— Всем известно, что, если преподобный приказывает идти, я иду. Вот как обстоят дела.
— Даже сейчас, когда мы в машине одни, ты боишься его ослушаться.
— Быть может, я просто уважаю порядки, только и всего. А если тебе на них наплевать, то нечего заводиться и злиться на меня.
Но тут на стоянку свернула машина. Оба немного пригнулись, и оба отметили, что это действительно маленький «форд» или «тойота», какие предлагают агентства проката. Машина медленно проехала в поисках свободного места и наконец приткнулась недалеко от номера 128, в котором, как было известно братьям, остановился объект.
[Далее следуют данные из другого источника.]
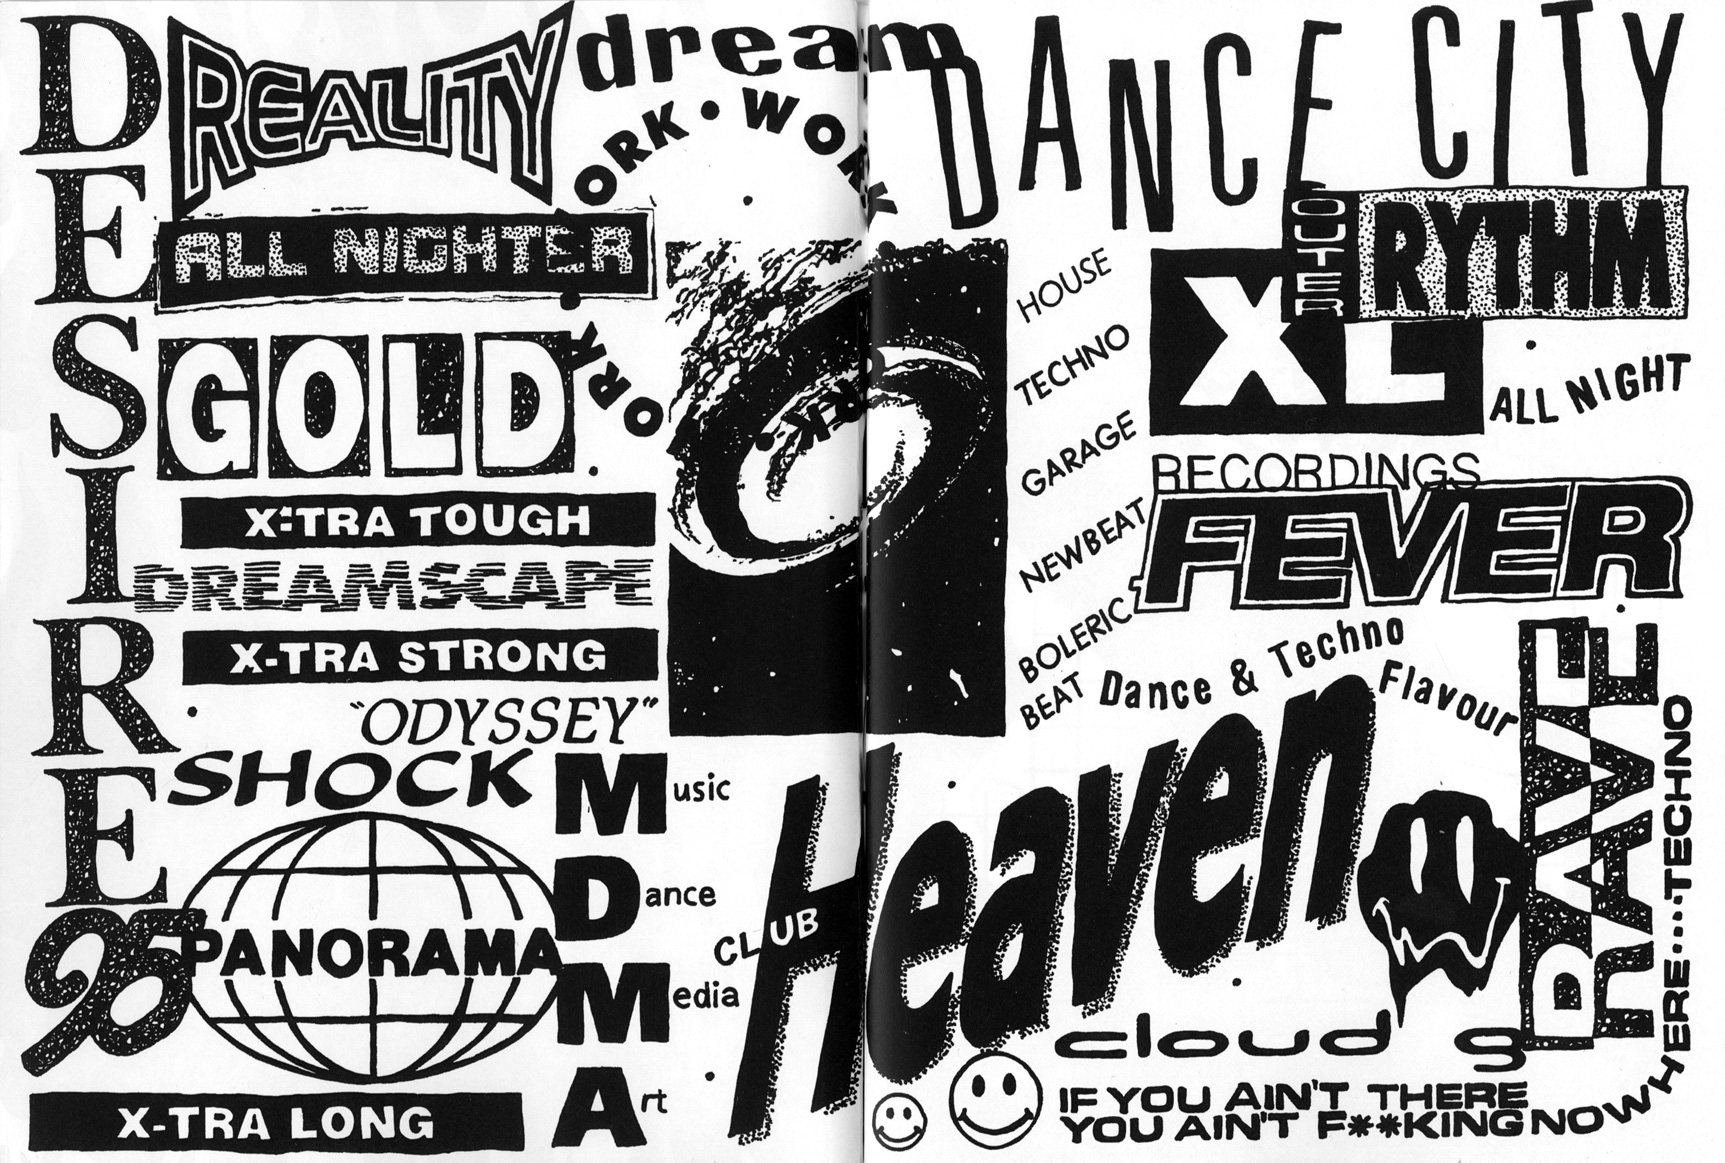 club_nightclub_spread_scan_2.jpg
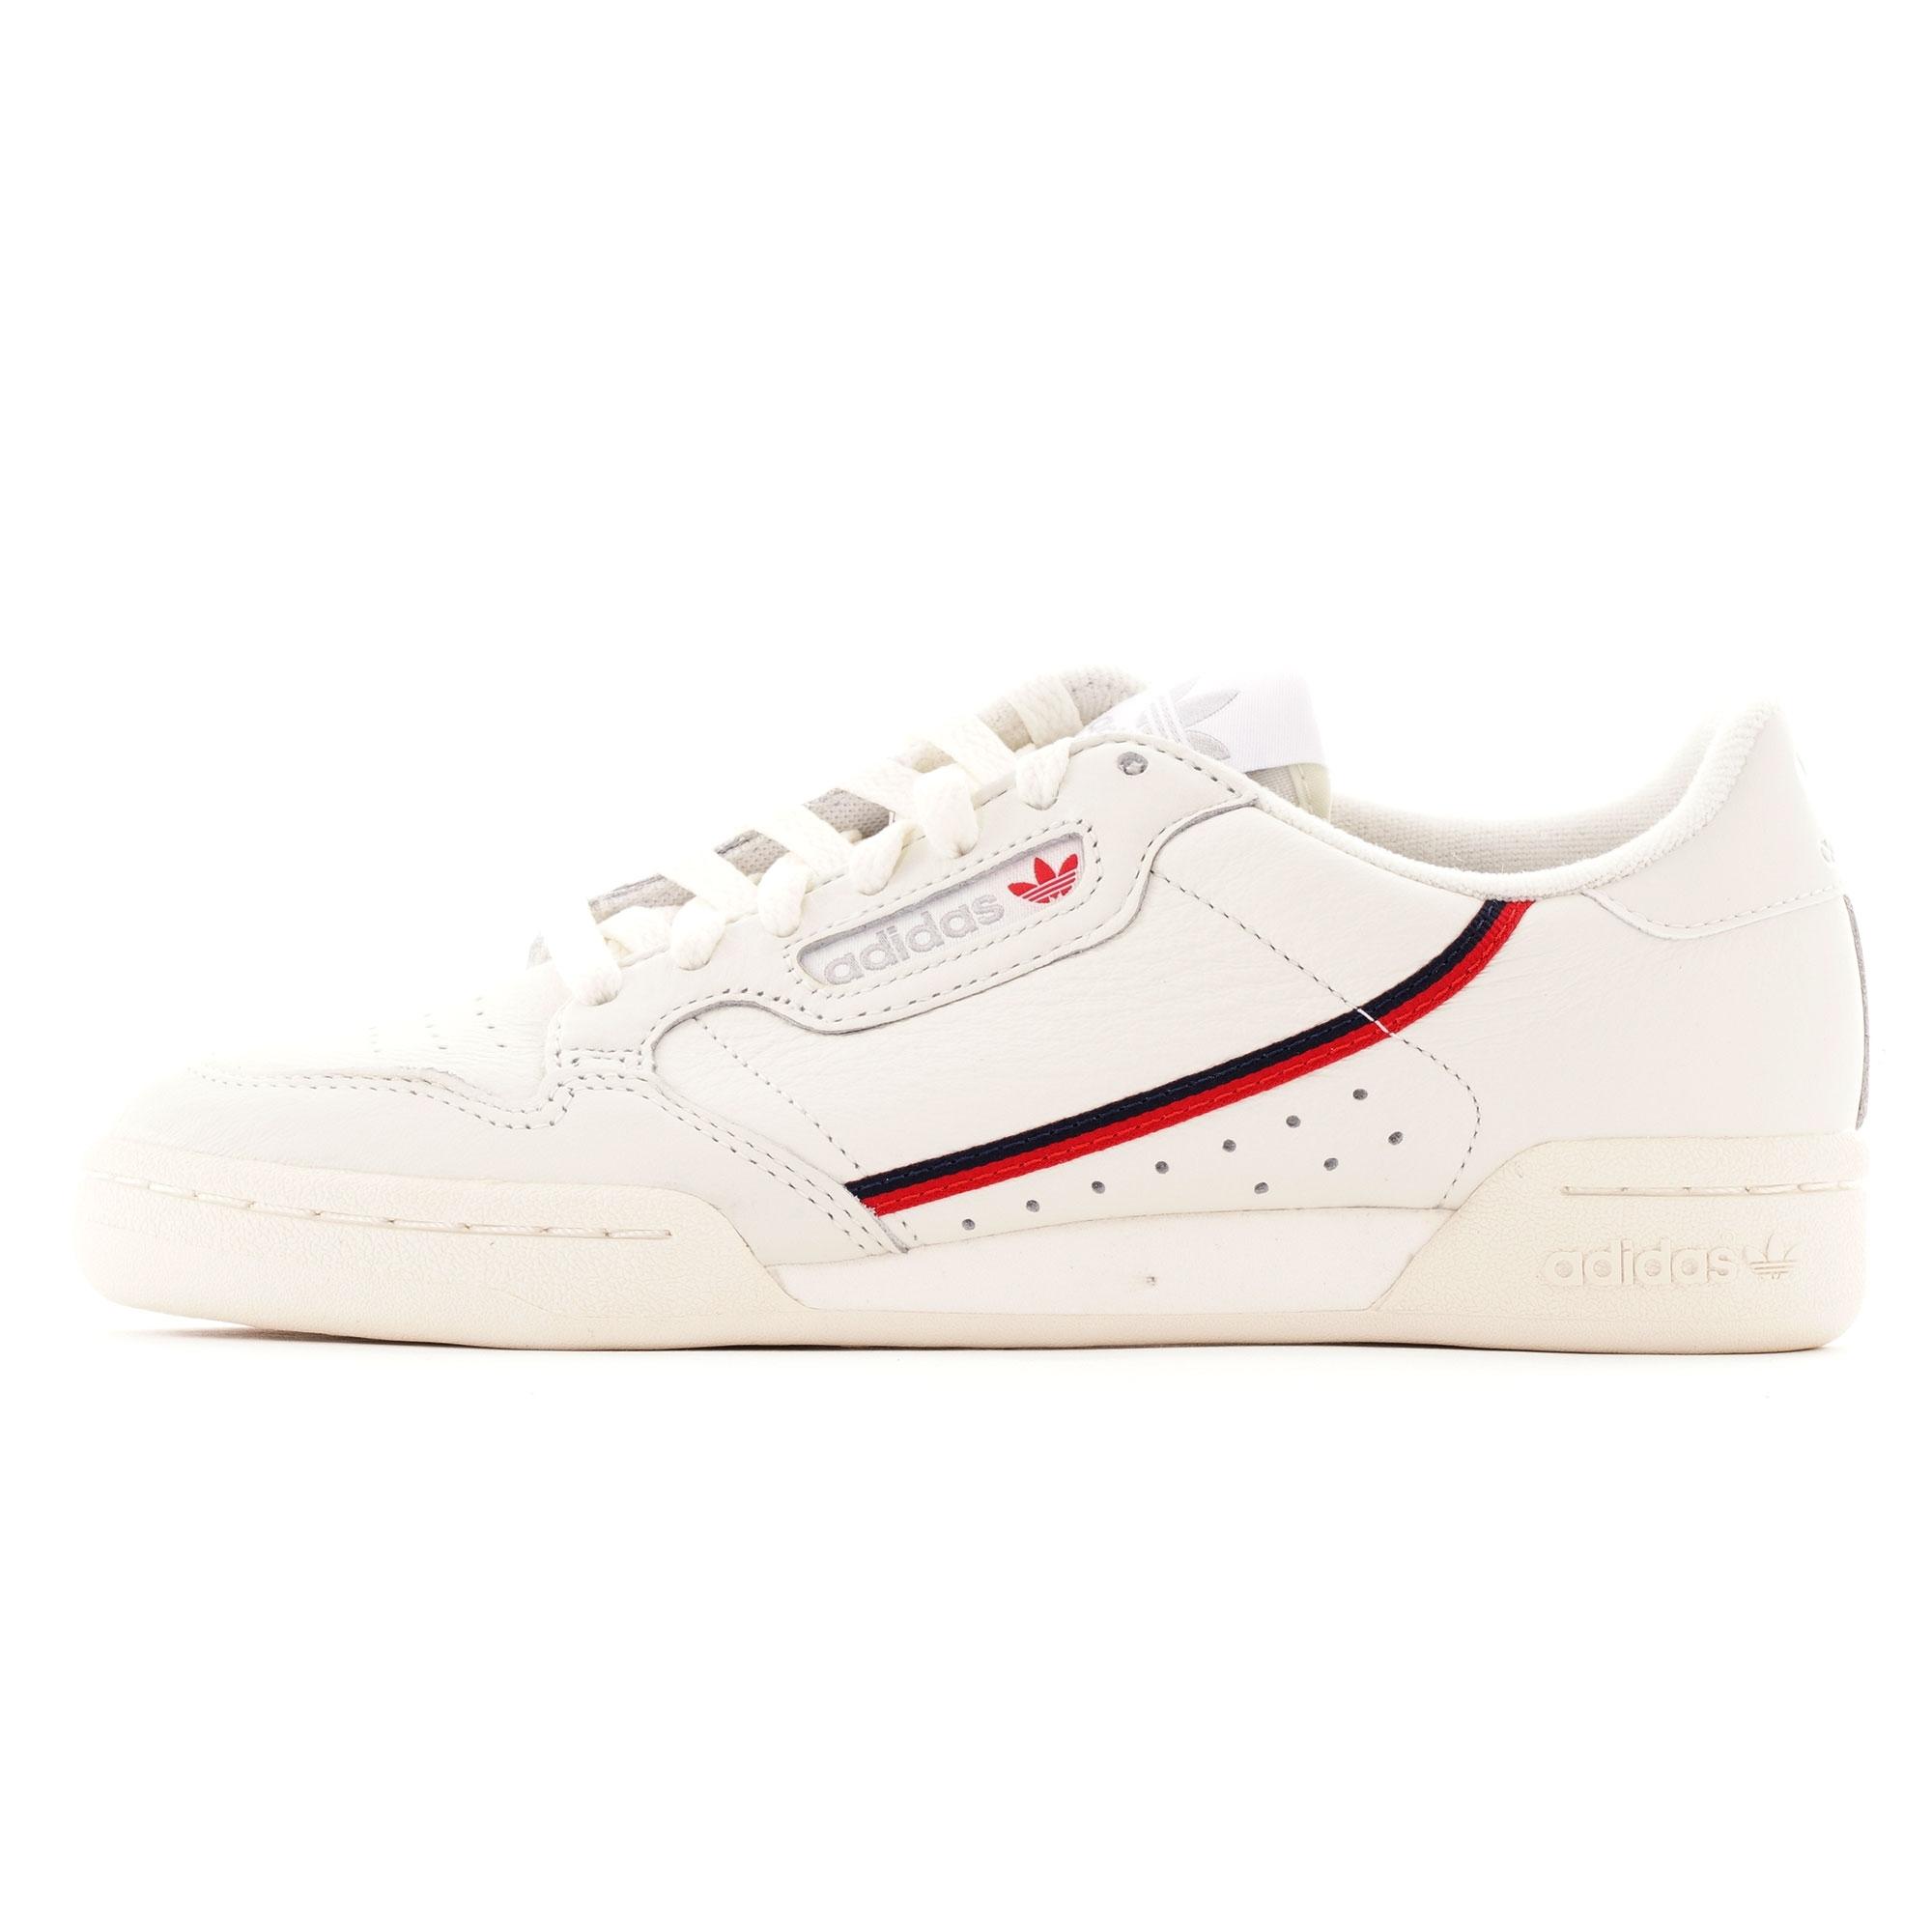 Adidas Originals Continental 80 - Off White & Scarlet

— Возможно, это он, — пробормотал Верн.
— Будем молить Бога, — сказал Эрни. — А может быть, это молоденькая девочка в мини-юбке и блузке на бретелях, со свежим номером «Тайгер бит»[26]
в руках.— Козел!
Из машины вышел мужчина, двинулся к багажнику, открыл крышку, достал что-то и зажал под мышкой, оглянулся по сторонам, проверяя, все ли в порядке, и медленно направился к домику. Но прихрамывающая походка выдала его с потрохами. Похоже, боль в правом бедре была вызвана серьезной раной, и не одной. И двигался мужчина скованно, словно стянутый повязками в нескольких местах. Остановившись, он еще раз оглядел стоянку, убедился, что все чисто, нагнулся, отпирая дверь, вошел в номер и запер дверь за собой.
— Боже милосердный, — сказал Верн, — я уже чувствую вкус «Мальборо».
— Это наш паломник, он самый. Не могу поверить, что этому седому старику удалось замочить Кармоди и Би-Джея! Но сегодня ночью он узнает, что значит трахать Грамли.
— Ты говоришь святые слова, кузен.
Достав из кобуры под мышкой «глок» 40-го калибра, Верн оттянул затвор, проверяя, что патрон дослан в патронник, а тем временем Эрни проделал то же самое с короткоствольным «питоном» с никелированной рамой, который лежал у него в кожаной кобуре на ремне.
Подумав немного, Верн принял решение.
— Я скажу так: мы подождем. Пусть старик устроится на месте. Почистит зубы, посмотрит в окно, позвонит кому надо, может быть, отопьет глоток-другой из бутылки бурбона, которую принес с собой, разложит свои вещи, и тут мы выбиваем дверь и разряжаем наши стволы в человека, лежащего на кровати. Он даже не понимает, что на него обрушилось, а мы быстро уходим. Как тебе это нравится, кузен? — спросил Верн.
— По-моему, отличный план, — согласился Эрни. — Будем звонить твоему папаше?
— Даже не знаю. Ты похож на него больше, чем я. В первую очередь нос и рот.
— Я не люблю зеленовато-голубой цвет. Он не подчеркивает оттенка моих глаз. И я не ношу этот страшный седой парик, делающий преподобного похожим на того полковника-конфедерата, который торгует жареными цыплятами. Моя мамаша никогда не говорила, что он мой отец. Так что ничего не могу сказать.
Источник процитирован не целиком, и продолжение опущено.